Hello everyone. I joined this site a number of months ago, and have been apprehensive toward posting anything on the forums, but I finally figured I might as well just jump in. The reason I joined is because I very strongly suspect (as do nearly all of my peers), that I have undiagnosed Asperger's. Upon investigating it further, I realized that it may have been more than just, "a touch" of the condition, and things throughout my life began to make a lot more sense. The catch is, I will be turning thirty-one this summer, and while I have always been aware of ASD, I was only ever diagnosed as having ADHD in elementary school. My parents had a fairly hands off approach to raising me, and while that appears advantageous to an Aspie kid, it also means I haven't had much in the way of help figuring everything out.

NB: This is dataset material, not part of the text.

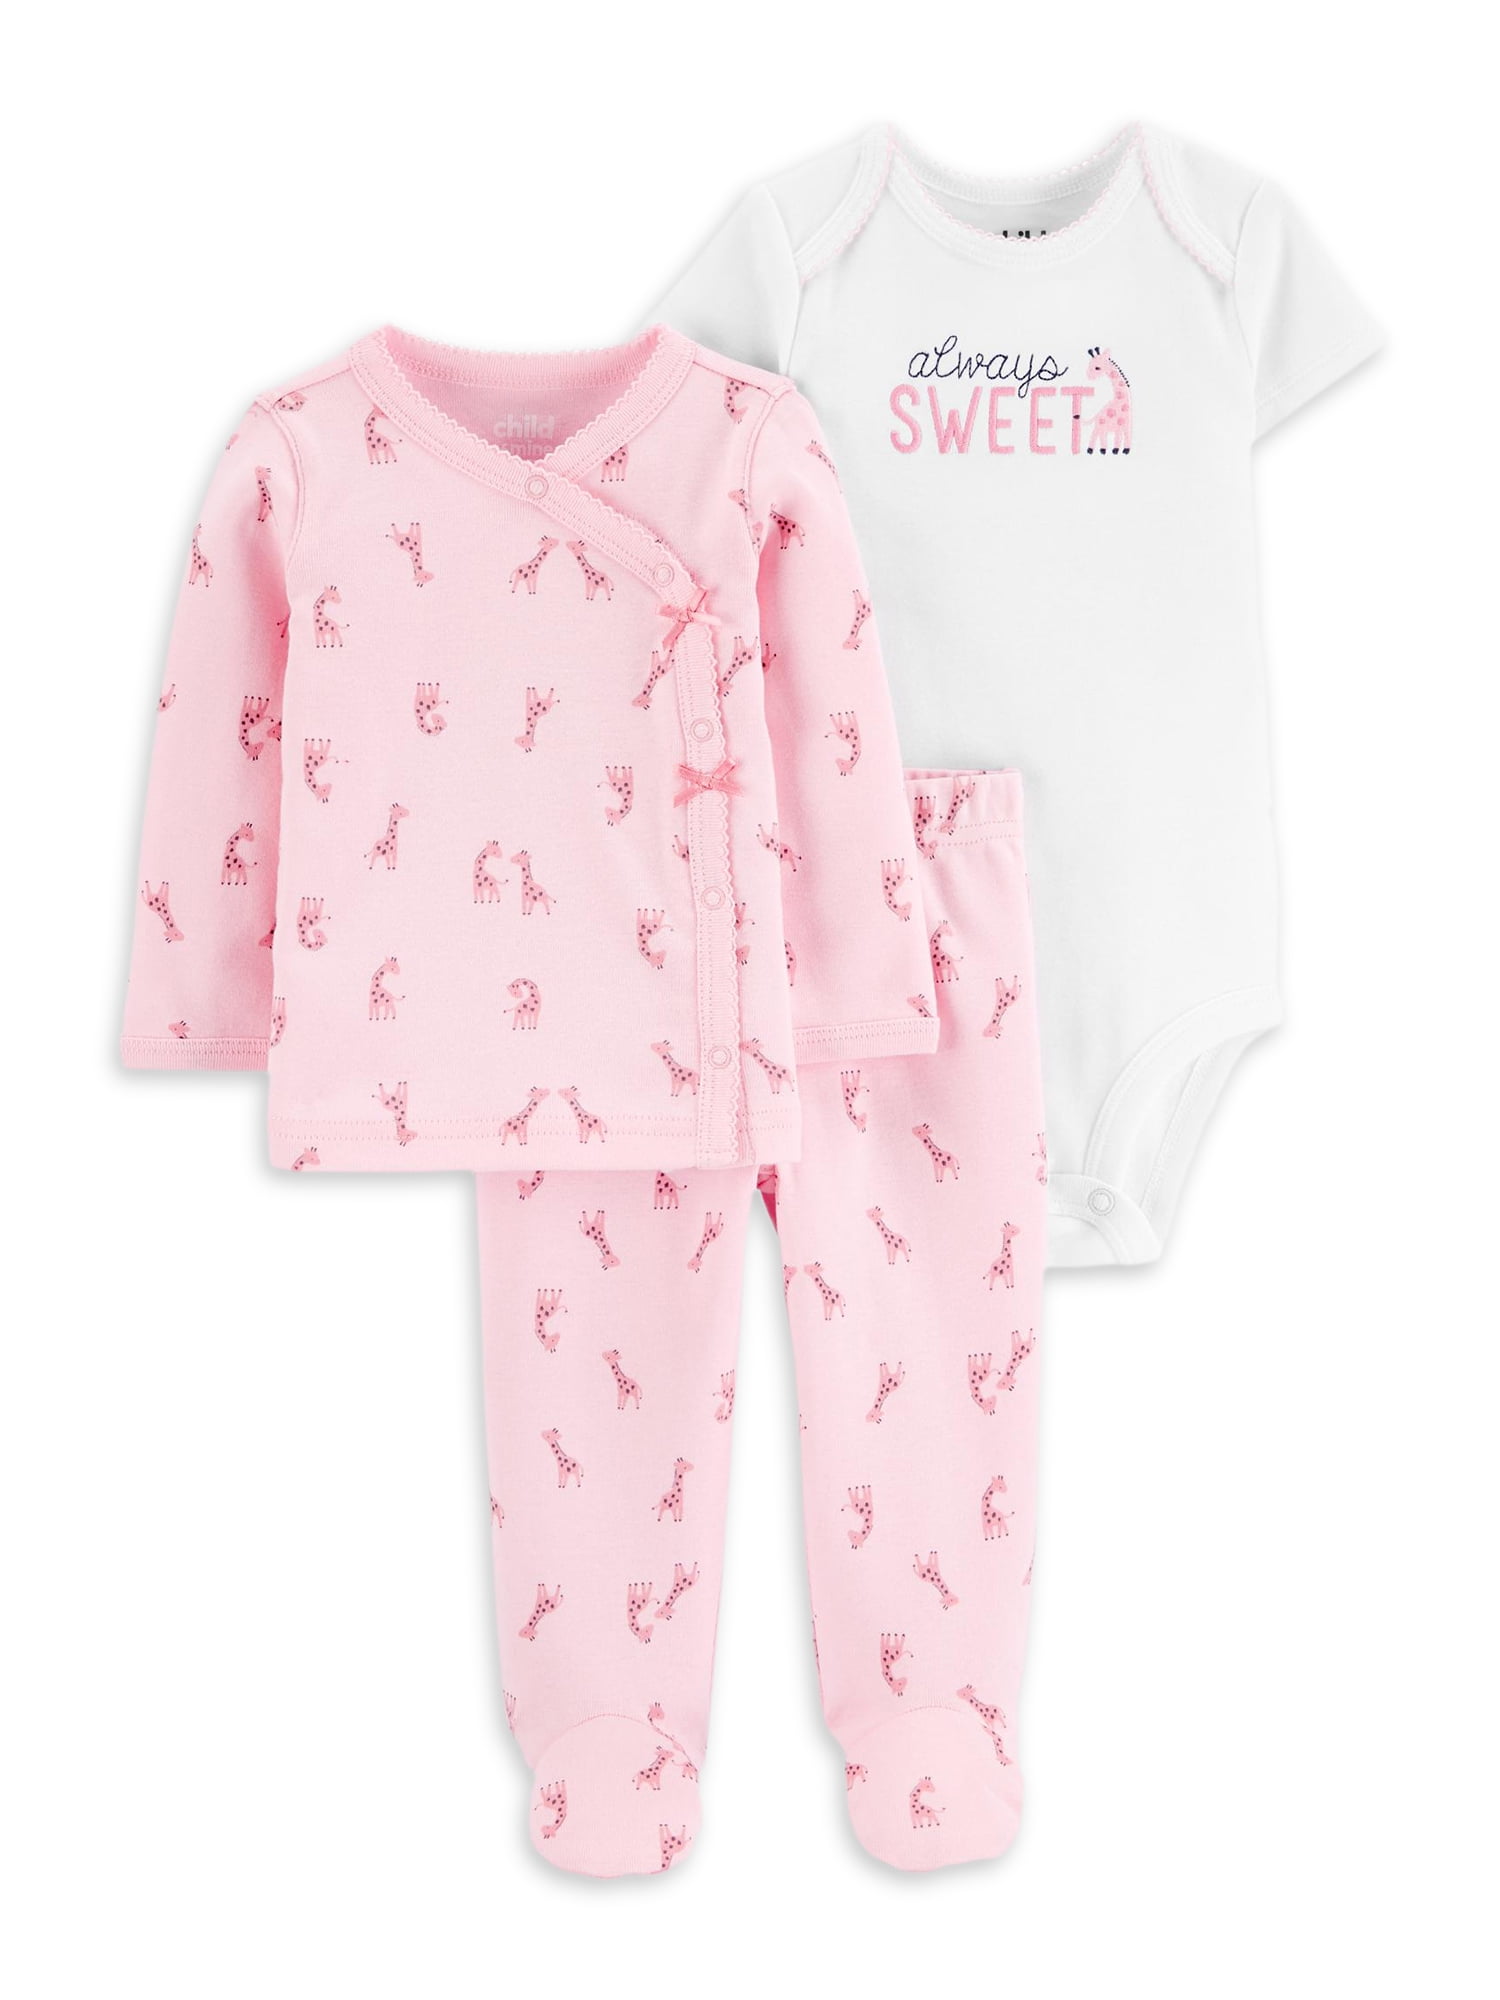 3PCS Newborn Toddler Baby Girls Outfits Clothes Hoodie Top+Pants+Headband Set Cs

I am undiagnosed, because getting to an annual check up makes me an anxious, nervous wreck, and going through the hoops to get an official diagnosis that won't change anything seems excessive. Regardless, I'm anxious in crowds, awkward in conversations, particular about trivial things, completely disinterested in everything I'm not completely interested in, and exciting situations evoke a strong urge to stim in some manner. At a young age, I remember paying attention to how people acted, and mimicked it, as if I was role playing in any social situation. I rarely talked about myself. The list goes on and on...
Oh yeah. Hi, my name is Chip, and I live in a small suburb north of Boston. Looking forward to meeting everyone.